Subscribe to receive SETI Institute news weekly in your inbox.

Where in the Worlds has SETI Institute Been? - August 13 - 20, 2017

Where in the Worlds has SETI Institute Been? - August 13 - 20, 2017

Eclipse Binoculars
The Eclipse

As most people are undoubtedly aware, there was a total eclipse of the Sun on August 21, prompting a great deal of interest. In fact, we are lucky to experience eclipses on Earth – even though the Moon is much smaller than the Sun, its position in the sky, and distance from both Earth and the Sun are what make such eclipses possible. Apparently in the future, this will not be the case. “The size of the sun hasn’t really changed over the age of Earth,” said SETI Institute scientist Matija Ćuk in an interview with NPR, “but the moon has been moving away from Earth over eons. So, in the past it looked bigger.” As a result, in about 600 million years people on Earth will no longer experience eclipses.

When a similar occurrence takes place between other planets and moons, that is, an object moving across the face of another, it’s known as a transit. In a transit, the light from the object’s star may not be completely shadowed, but dimmed. This dimming makes it possible for space telescopes, such as Kepler, to identify exoplanet candidates. "Direct imaging works the same way as eclipses are used to observe the sun," said SETI Institute scientist Franck Marchis. "We simply block, or 'occult,' the bright light coming from the star, so we can see the faint features surrounding the star."

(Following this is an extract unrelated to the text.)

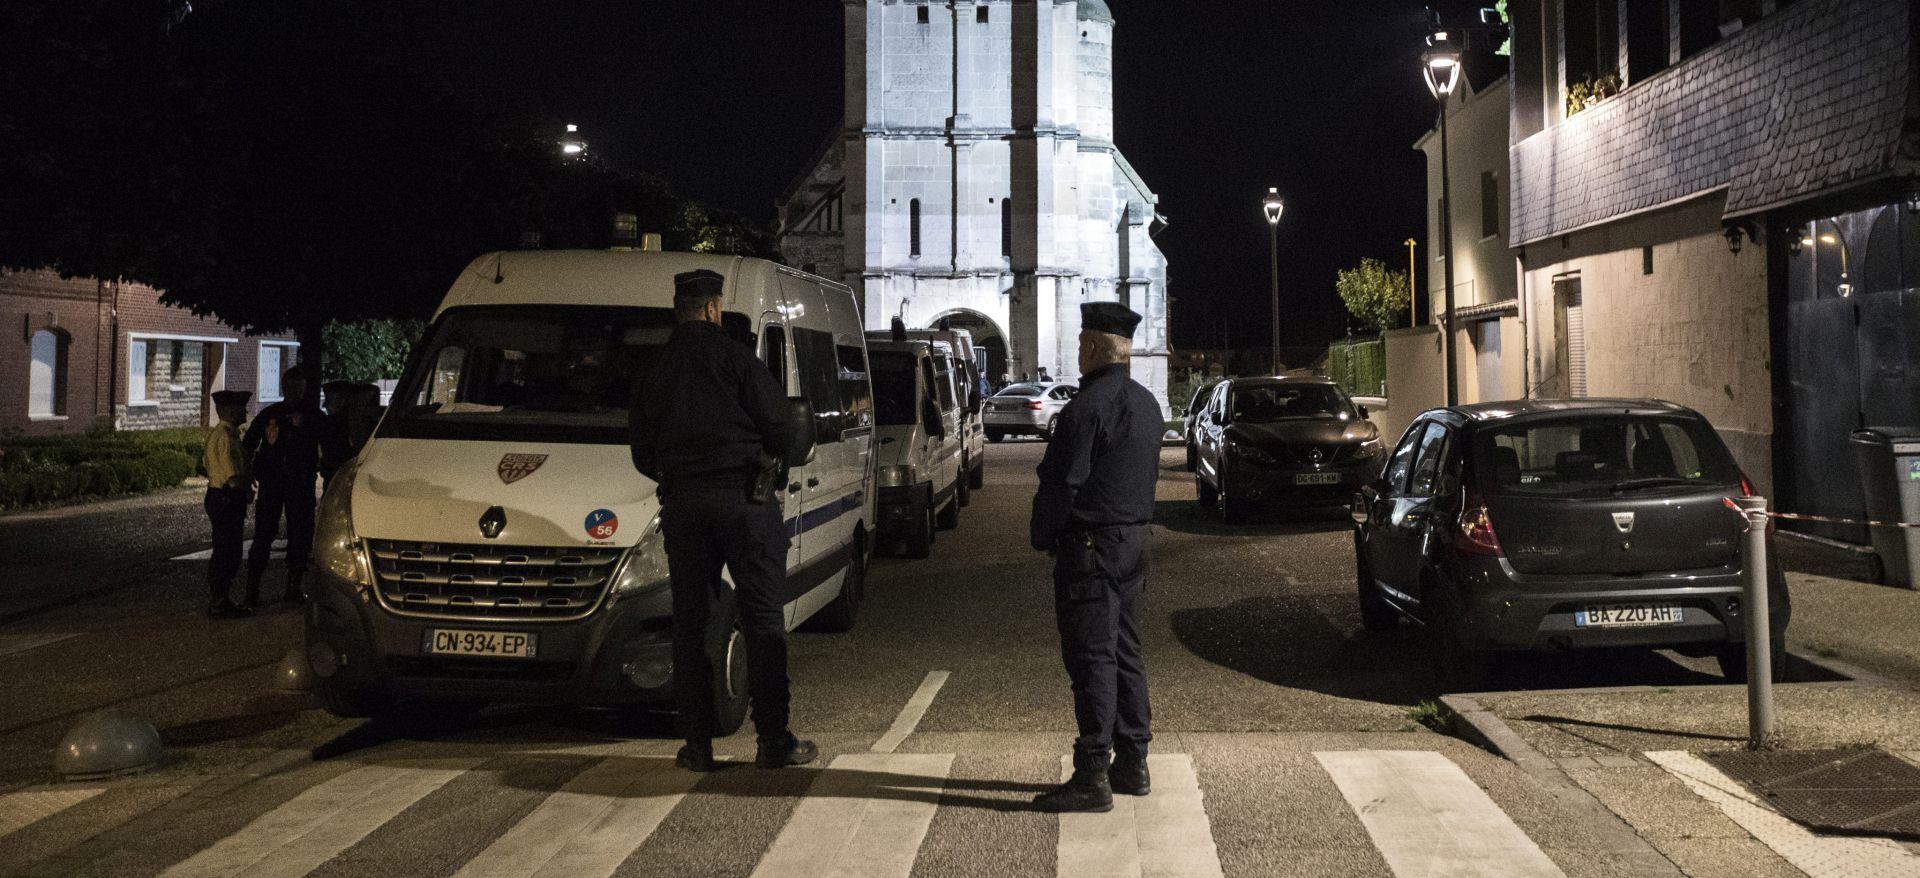 Francuski mediji podijeljeni oko toga treba li objavljivati imena i fotografije terorista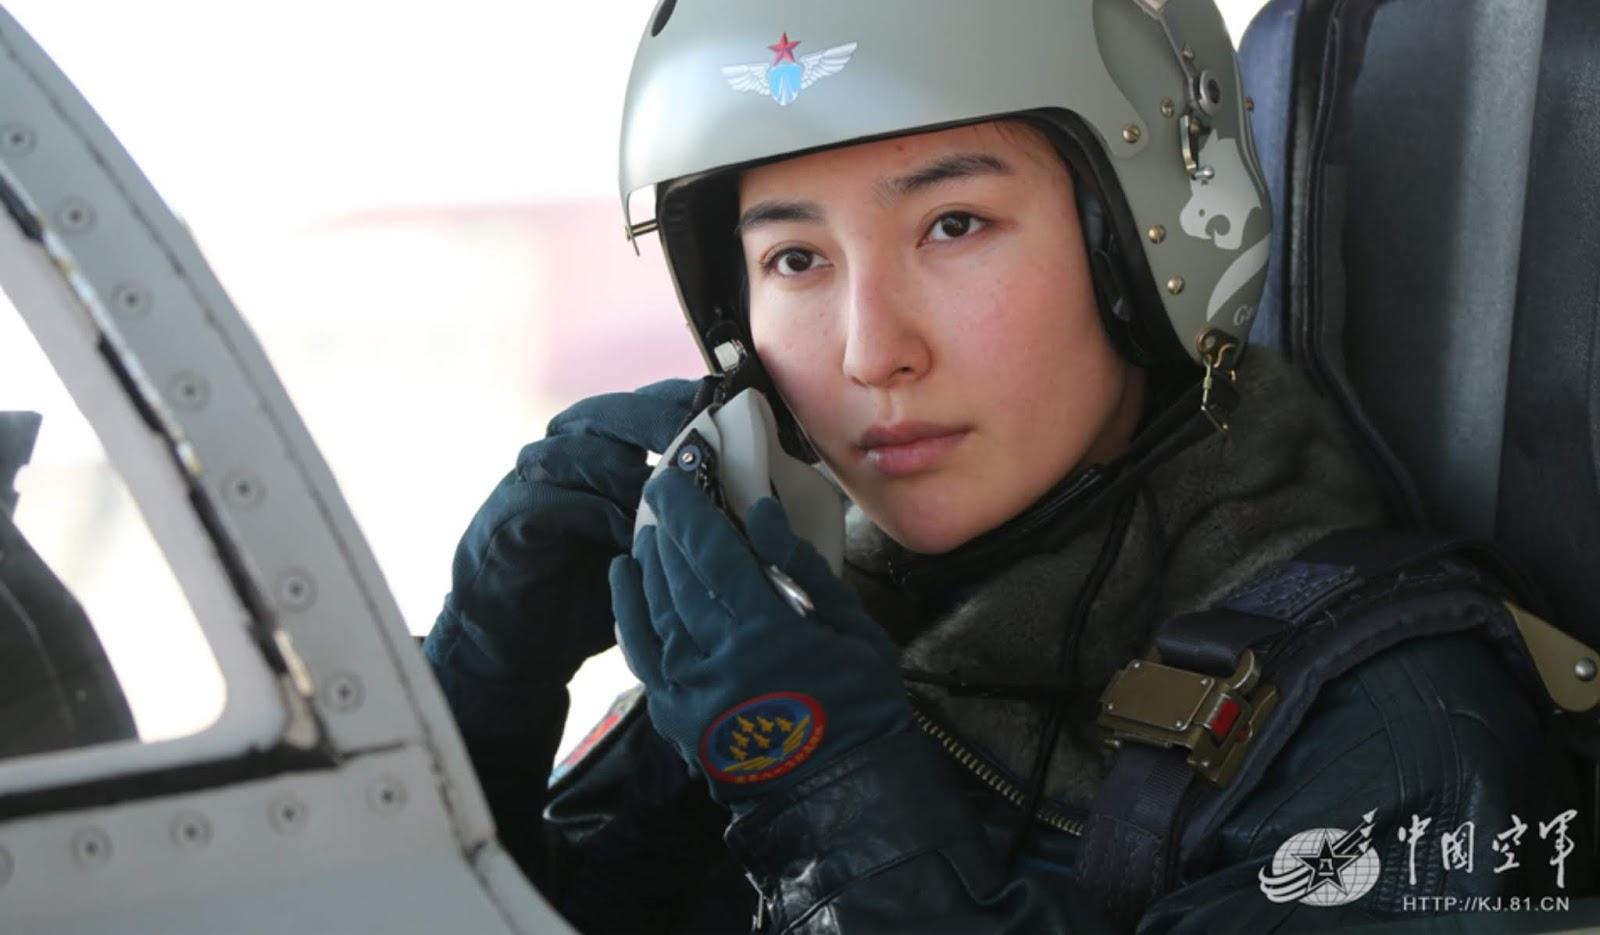 China Mulai Menggunakan Aplikasi Ponsel khusus untuk Mengontrol Personel Militer

Ice on Mars and Planetary ProtectionIce on Mars and Planetary Protection

Odyssey is a NASA spacecraft in orbit around Mars – it launched in 2001 and is still in orbit today. Odyssey uses instruments such as spectrometers and a thermal imager to study Mars’ geology and radiation levels in the environment, as well as find evidence of past or present water and ice. One of the instruments on Odyssey measures neutrons, which are subatomic particles that do not have an electrical charge. Hydrogen is the only atom that does not contain a neutron and therefore these neutron measurements help researchers infer the presence of water and ice on or near the planet’s surface. Now, a reanalysis of data from Odyssey has resulted in a more detailed map showing increased presence of ice on Mars than previously known. One of the key learnings is that not only is there evidence of ice in the polar regions of Mars, but also in equatorial regions.

This evidence of equatorial ice raises questions about planetary protection, which is not only concerned with protecting Earth from possible microbial alien life, but also with protecting the environments of other planets. If traces of water, not just ice, are present in these equatorial regions of Mars, it’s possible, though unlikely, that Earth microbes that survived spacecraft sterilization and hitched a ride to Mars could potentially survive on Mars. “You don’t want to take anything to an area where it could live or be preserved,” said SETI Institute scientist John Rummel. John suggested that Mars’ current environment couldn’t sustain Earth organisms, but if landing equipment generated heat that could melt existing ice on Mars, that could present a problem.

Voyager's Golden RecordVoyager, the Golden Record and a Pulsar Map to Earth

August 25 marks the 40th anniversary of Voyager, the Golden Record and a map to Earth. Voyager 1 and Voyager 2 were launched in 1977 with an original mission to explore Jupiter, Saturn, Uranus and Neptune. Both probes remain active and are exploring interstellar space, sending data and images back to Earth. And each probe is carrying a copy of the Golden Record, which includes sounds and images portraying the diversity of life and culture on Earth.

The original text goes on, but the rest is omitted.